→ **EXERCISE AIM**
All of the data, except its images, should be set down exactly as it appears.

→ **INFORMATION SHOWN**
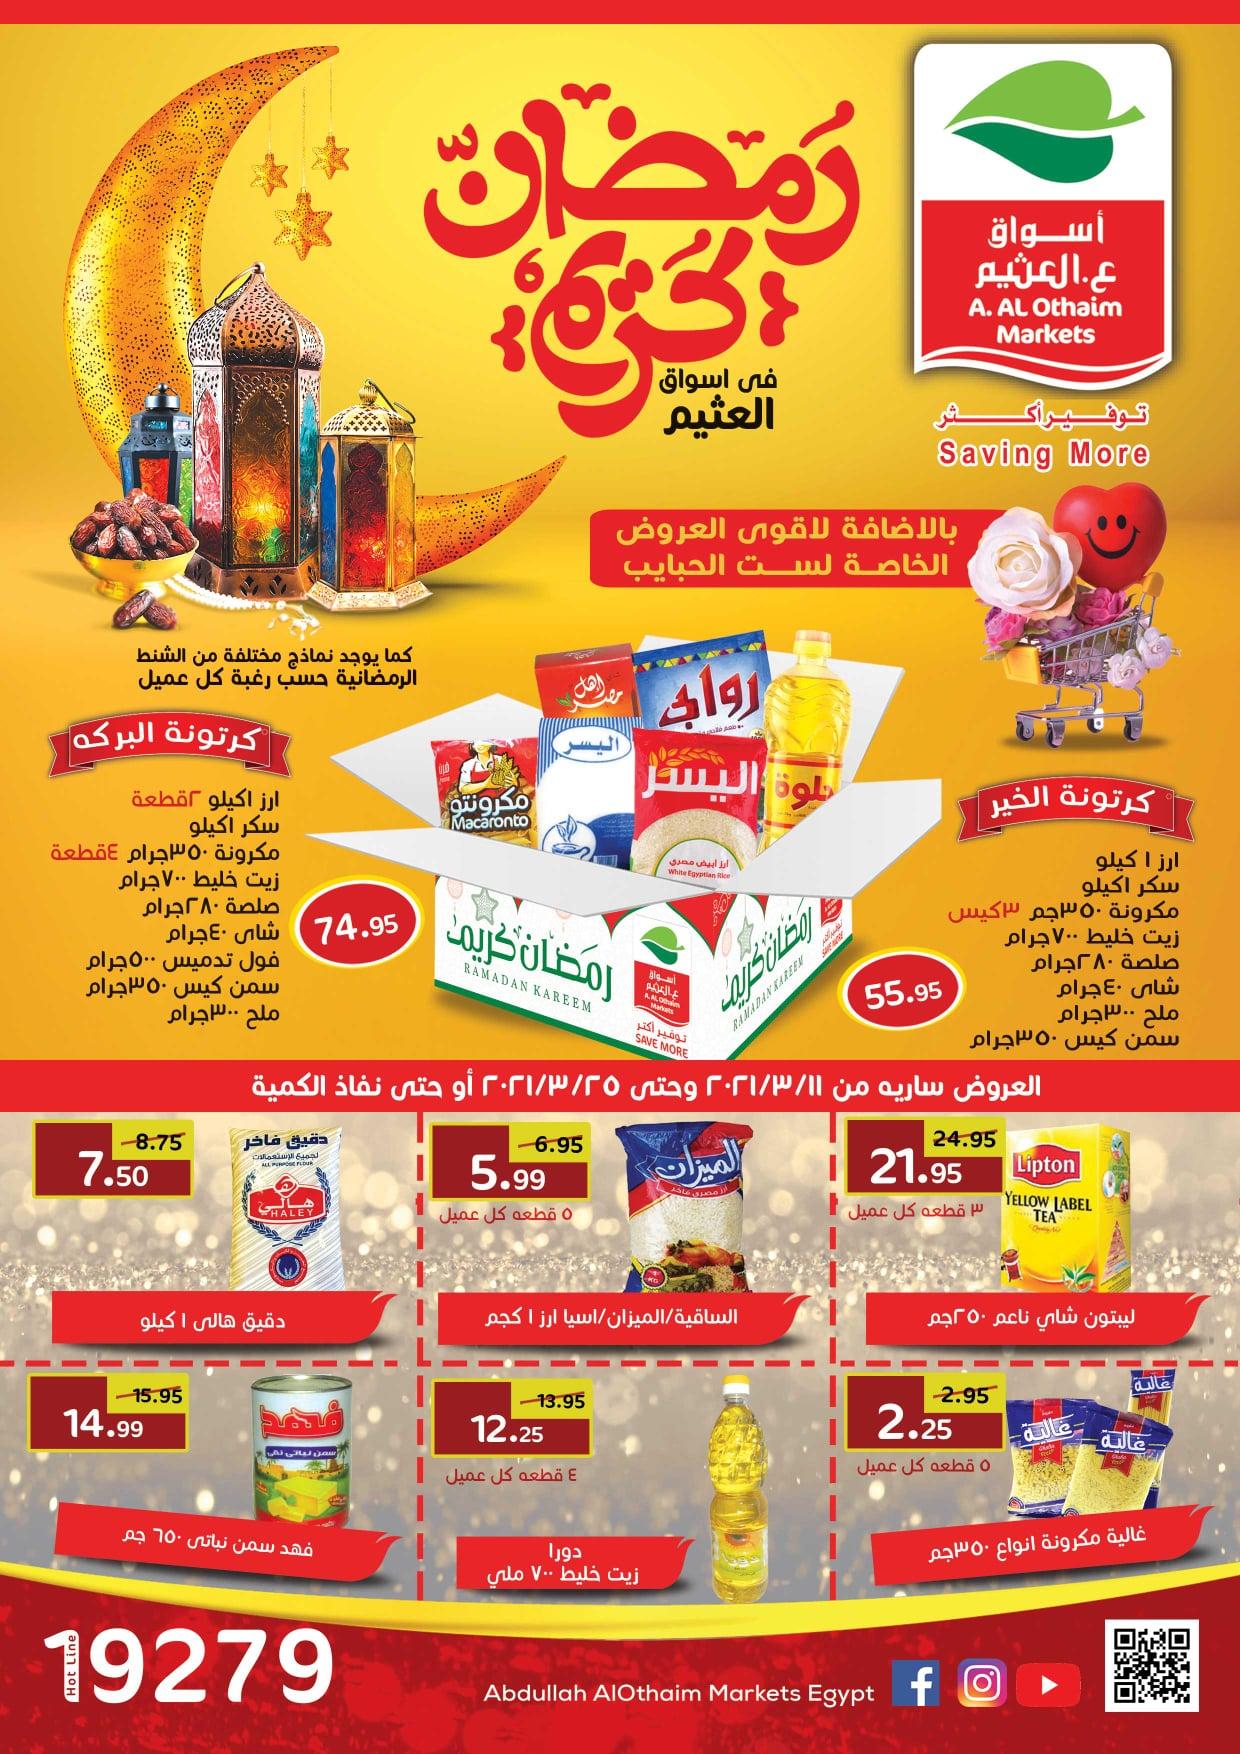 أجدد عروض أسواق العثيم بمناسبة رمضان 3
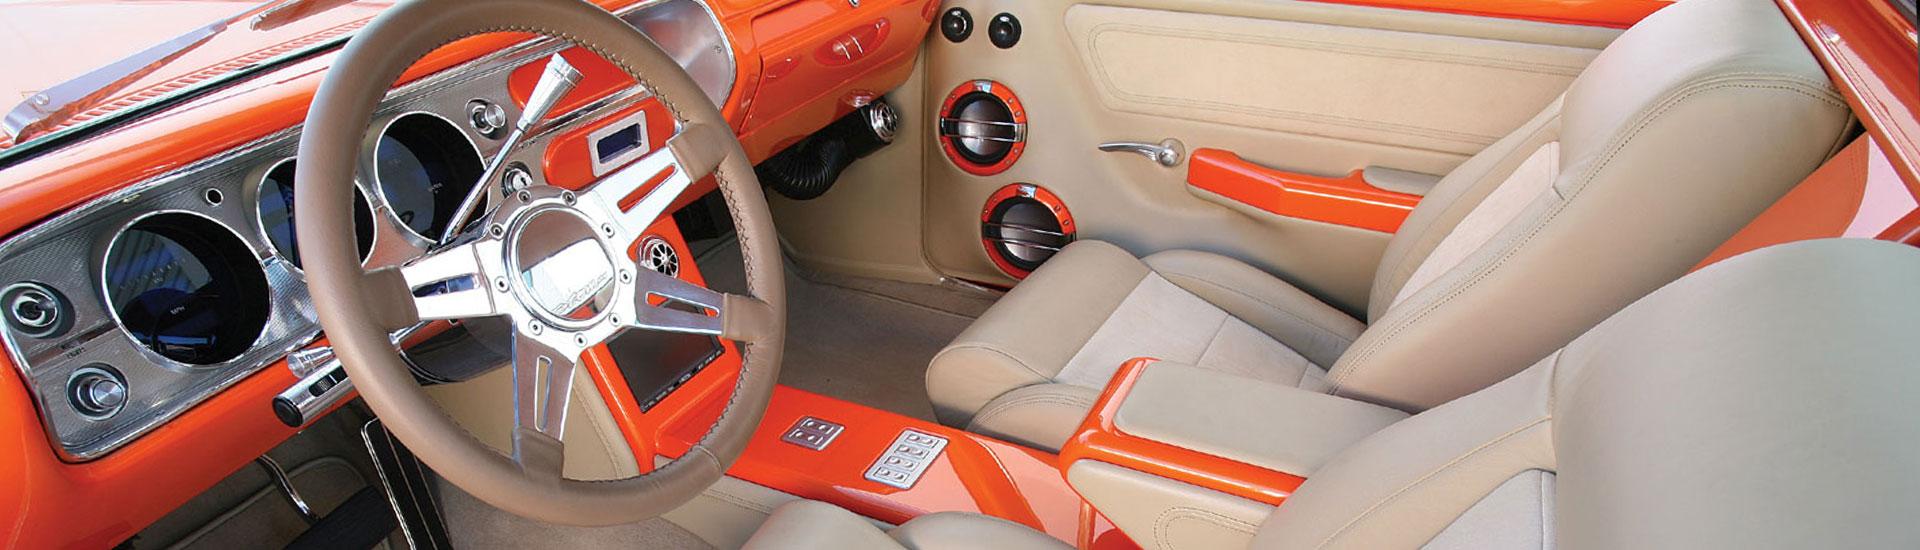 Chevrolet El Camino Dash Kits Custom Chevrolet El Camino
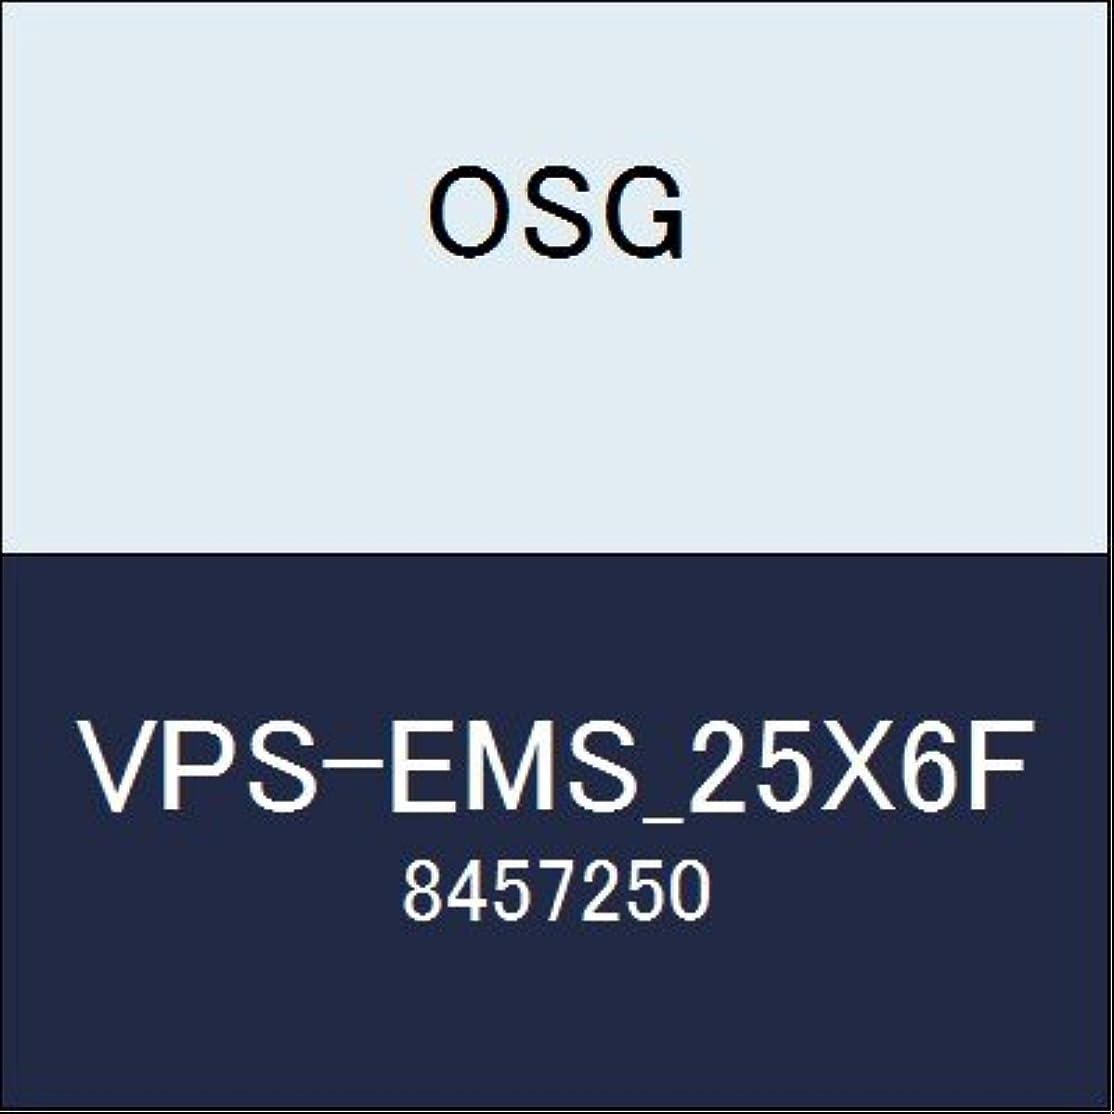 財団ホップ暗殺するOSG エンドミル VPS-EMS_25X6F 商品番号 8457250
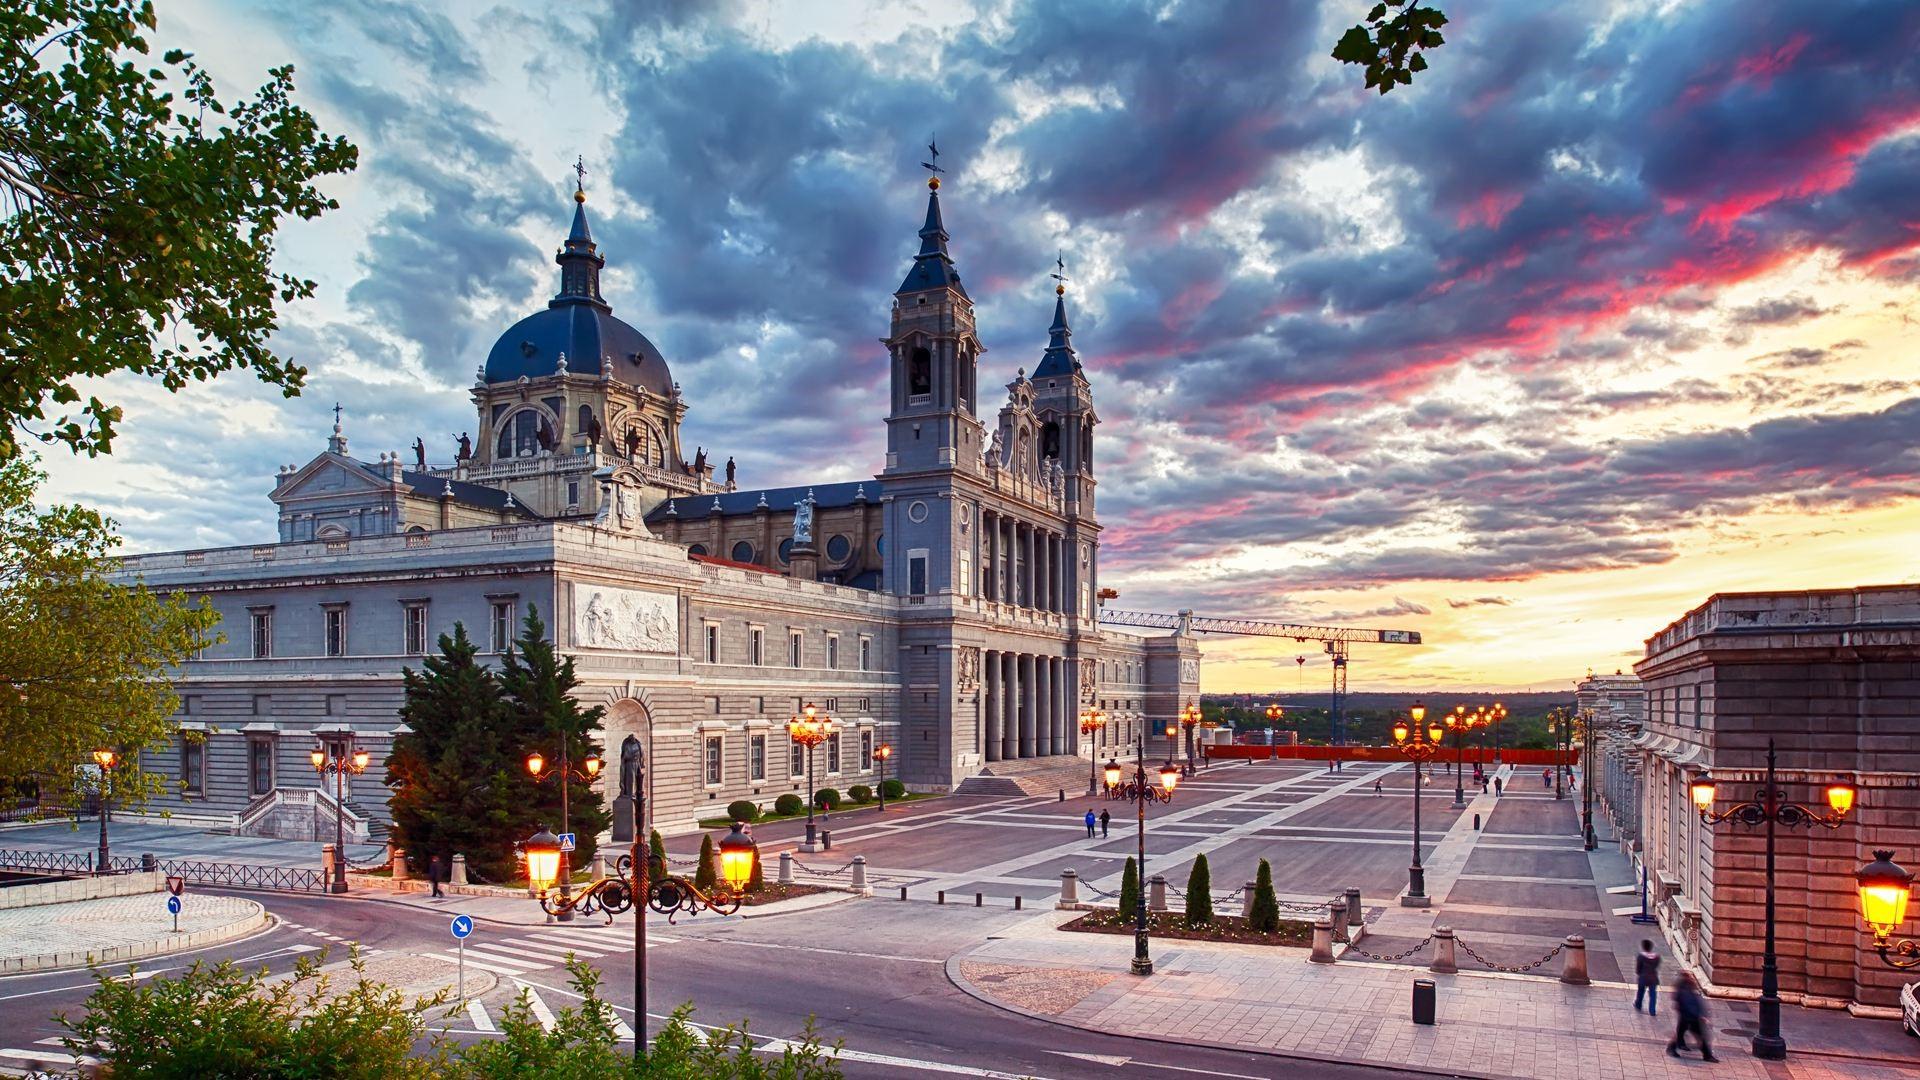 Historia y compras, de la mano por Madrid

→ **ANSWER BOX**
 أجدد عروض أسواق العثيم بمناسبة رمضان 3
 Chevrolet El Camino Dash Kits Custom Chevrolet El Camino
 財団ホップ暗殺するOSG エンドミル VPS-EMS_25X6F 商品番号 8457250
 Historia y compras, de la mano por Madrid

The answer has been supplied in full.